BEGIN
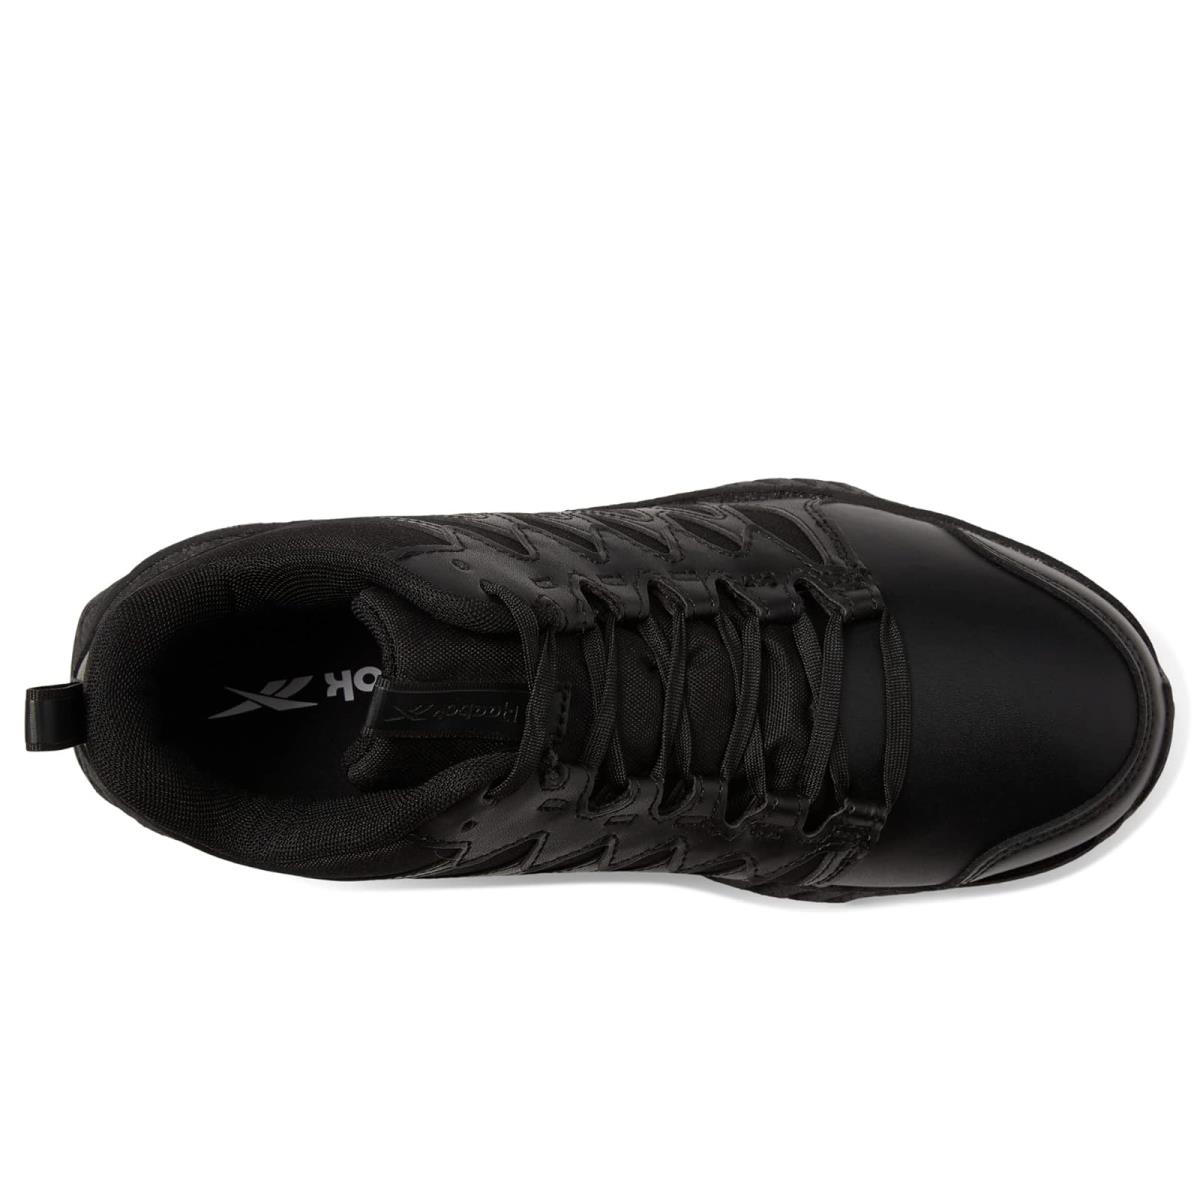 Reebok shoes  - Black 3 0
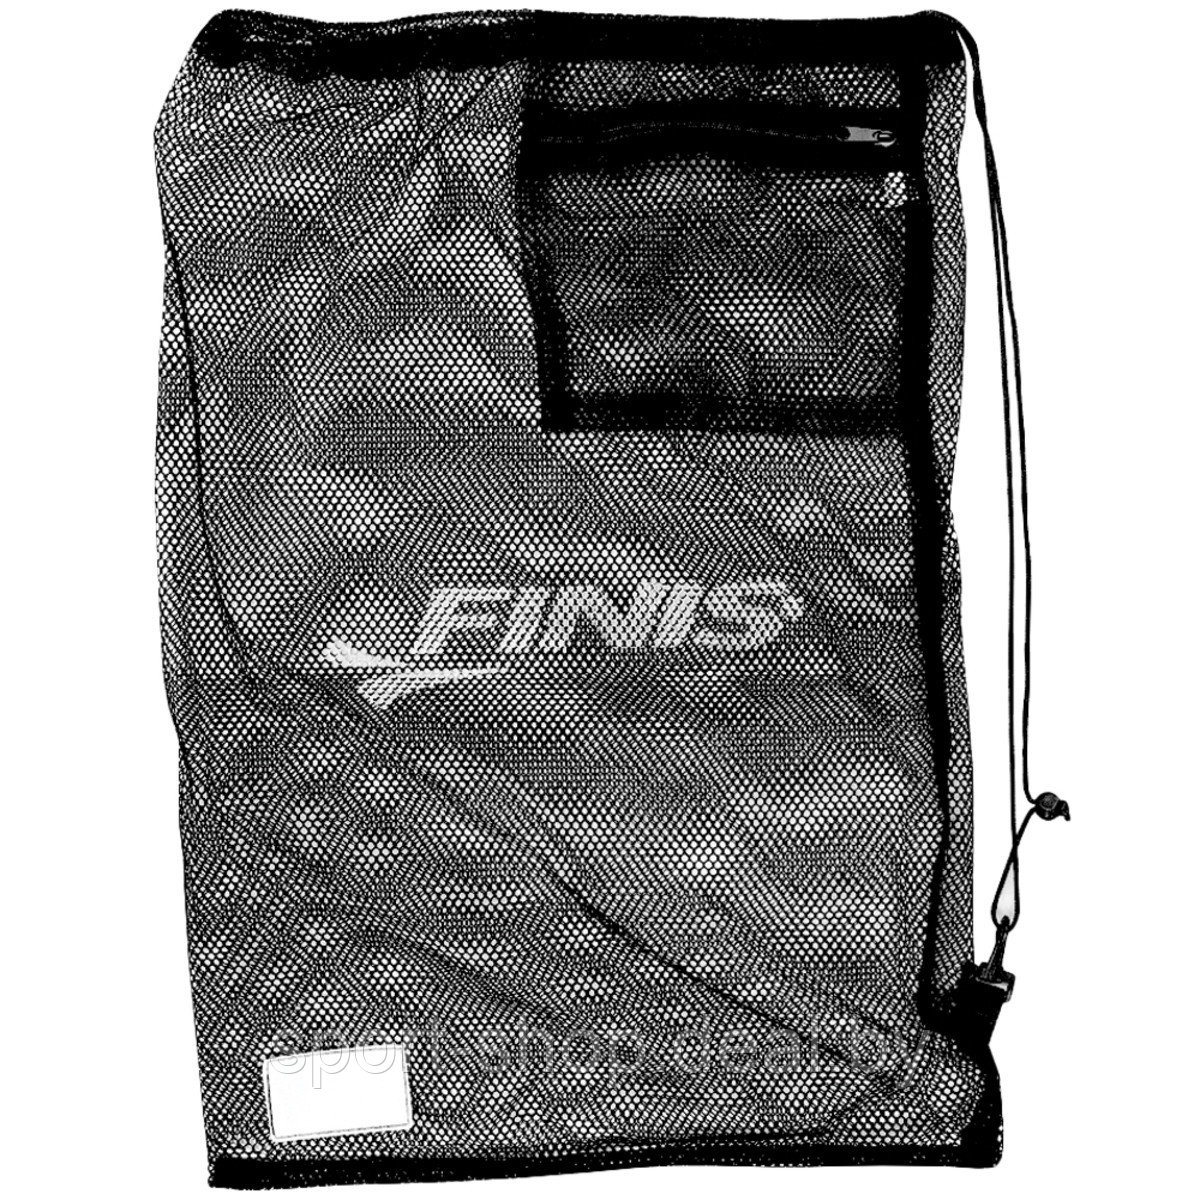 Сетка для инвентаря Mesh Gear Bag Black 1.25.030.101, сумка для бассейна, сумка мешок, спортивный мешок
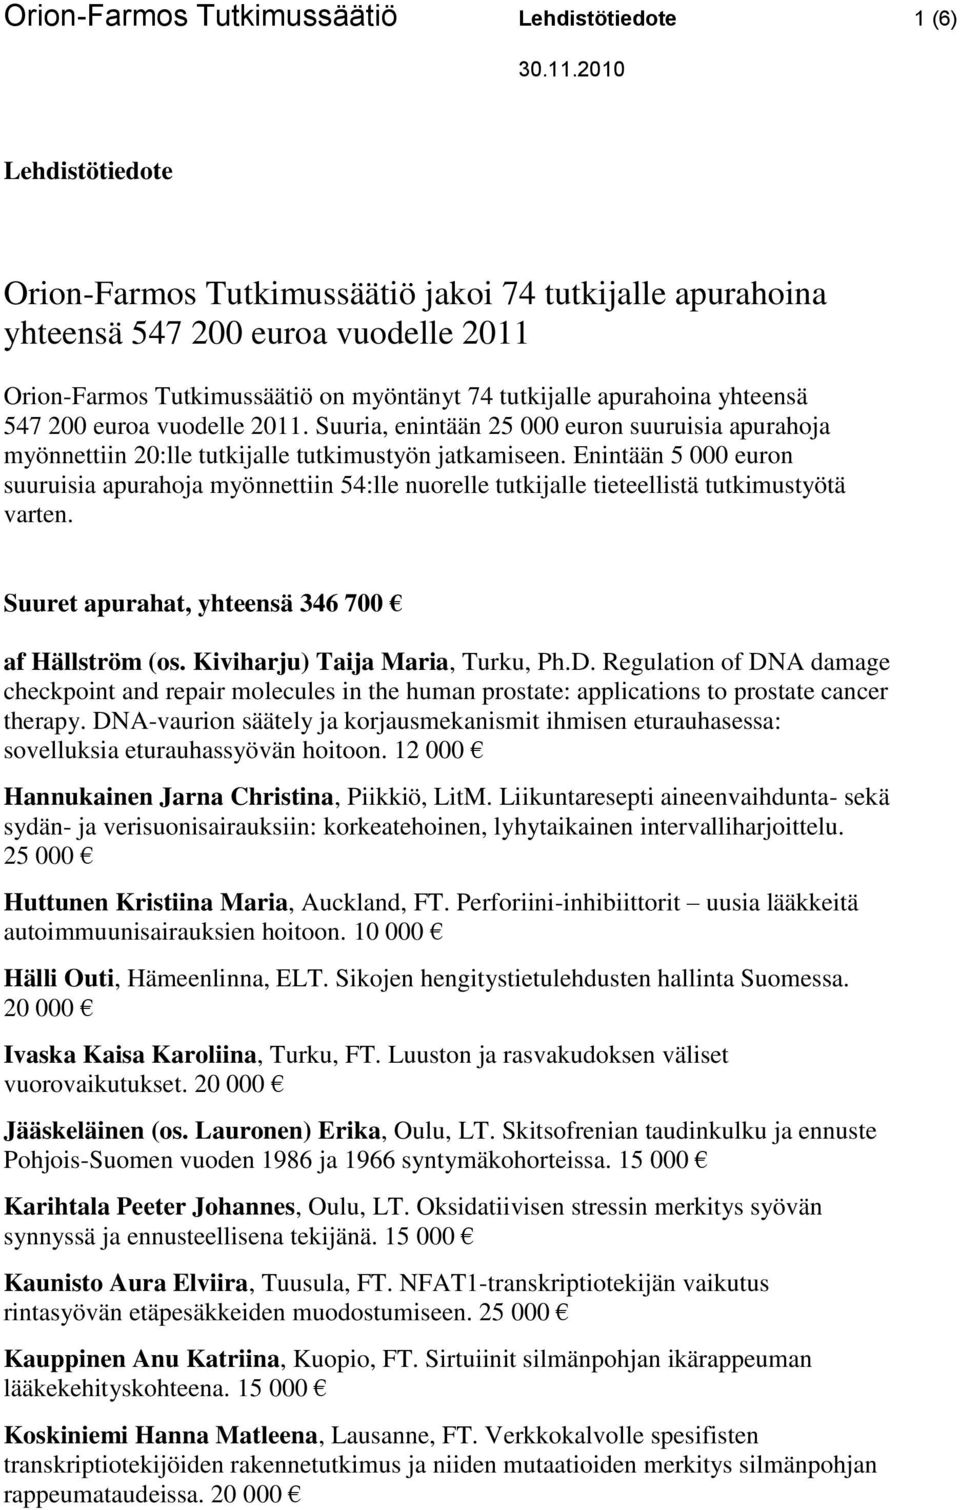 Enintään 5 000 euron suuruisia apurahoja myönnettiin 54:lle nuorelle tutkijalle tieteellistä tutkimustyötä varten. Suuret apurahat, yhteensä 346 700 af Hällström (os.
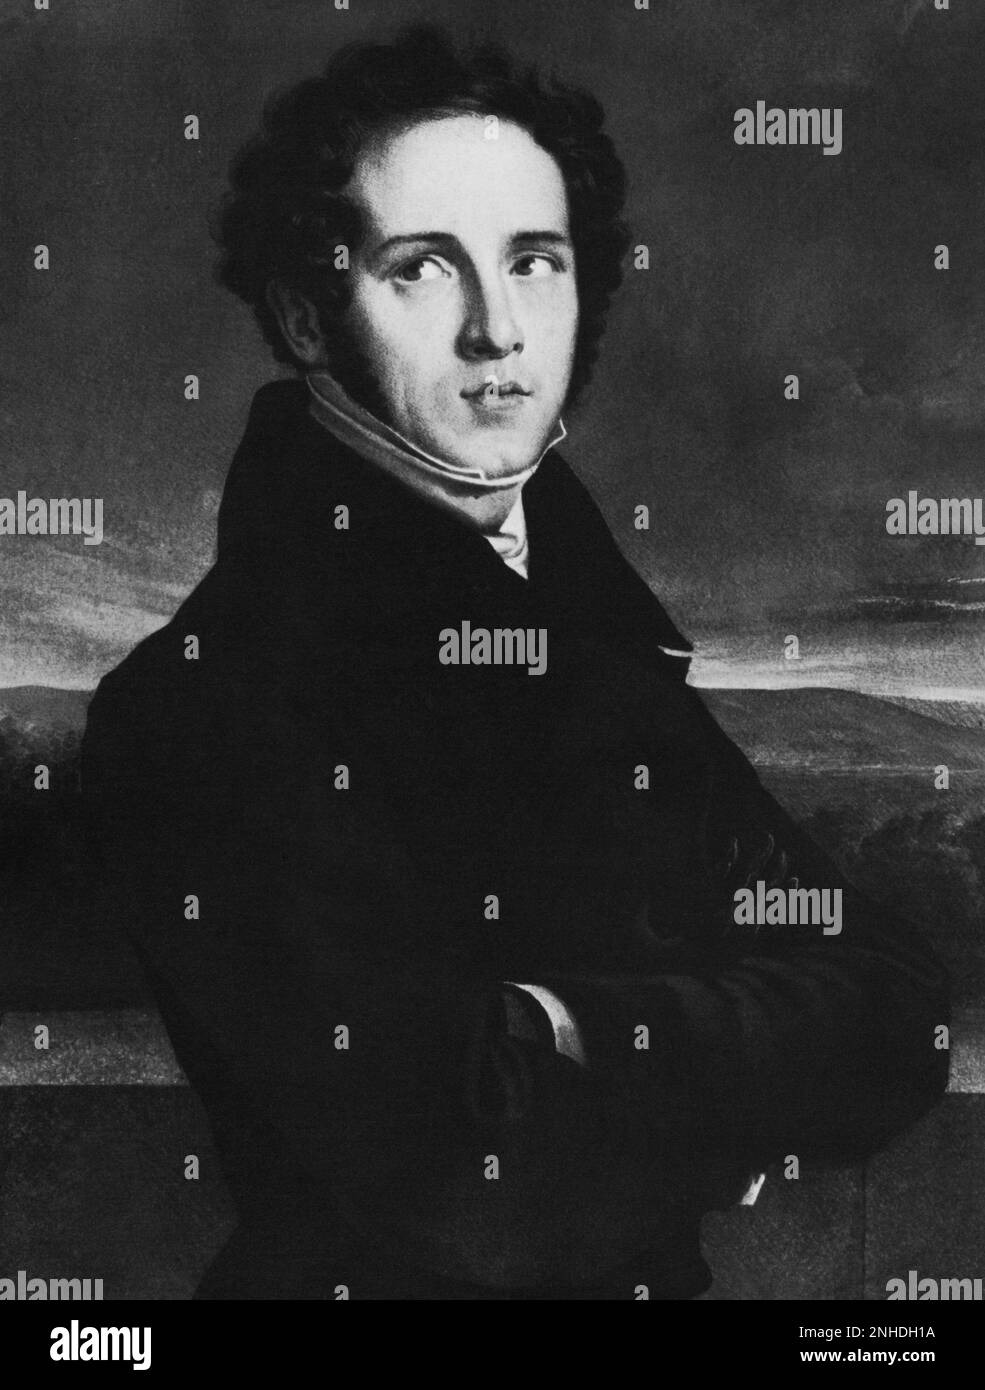 El célebre compositor italiano VINCENZO BELLINI ( Catania 1801 - Puteaux , París 1835 ) , autor de IL PIRATA ( 1827 ), LA SONNAMBULA ( 1831 ), NORMA ( 1831 ) e I PURITANI ( 1835 ) - COMPOSITORE LIRICO - LIRICA - MÚSICA Clásica - clásica - musicista - músico - retrato - ritratto - colletto --- Archivio GBB Foto de stock
END
- _WHAT YOU ARE ASKED TO DO_
Return only what lies between the line containing "Сетка для инвентаря" and the last line of the listing, those two lines included, exactly as written and with no pictures.

- _TASK RESPONSE_
 Сетка для инвентаря Mesh Gear Bag Black 1.25.030.101, сумка для бассейна, сумка мешок, спортивный мешок
 Enintään 5 000 euron suuruisia apurahoja myönnettiin 54:lle nuorelle tutkijalle tieteellistä tutkimustyötä varten. Suuret apurahat, yhteensä 346 700 af Hällström (os.
 El célebre compositor italiano VINCENZO BELLINI ( Catania 1801 - Puteaux , París 1835 ) , autor de IL PIRATA ( 1827 ), LA SONNAMBULA ( 1831 ), NORMA ( 1831 ) e I PURITANI ( 1835 ) - COMPOSITORE LIRICO - LIRICA - MÚSICA Clásica - clásica - musicista - músico - retrato - ritratto - colletto --- Archivio GBB Foto de stock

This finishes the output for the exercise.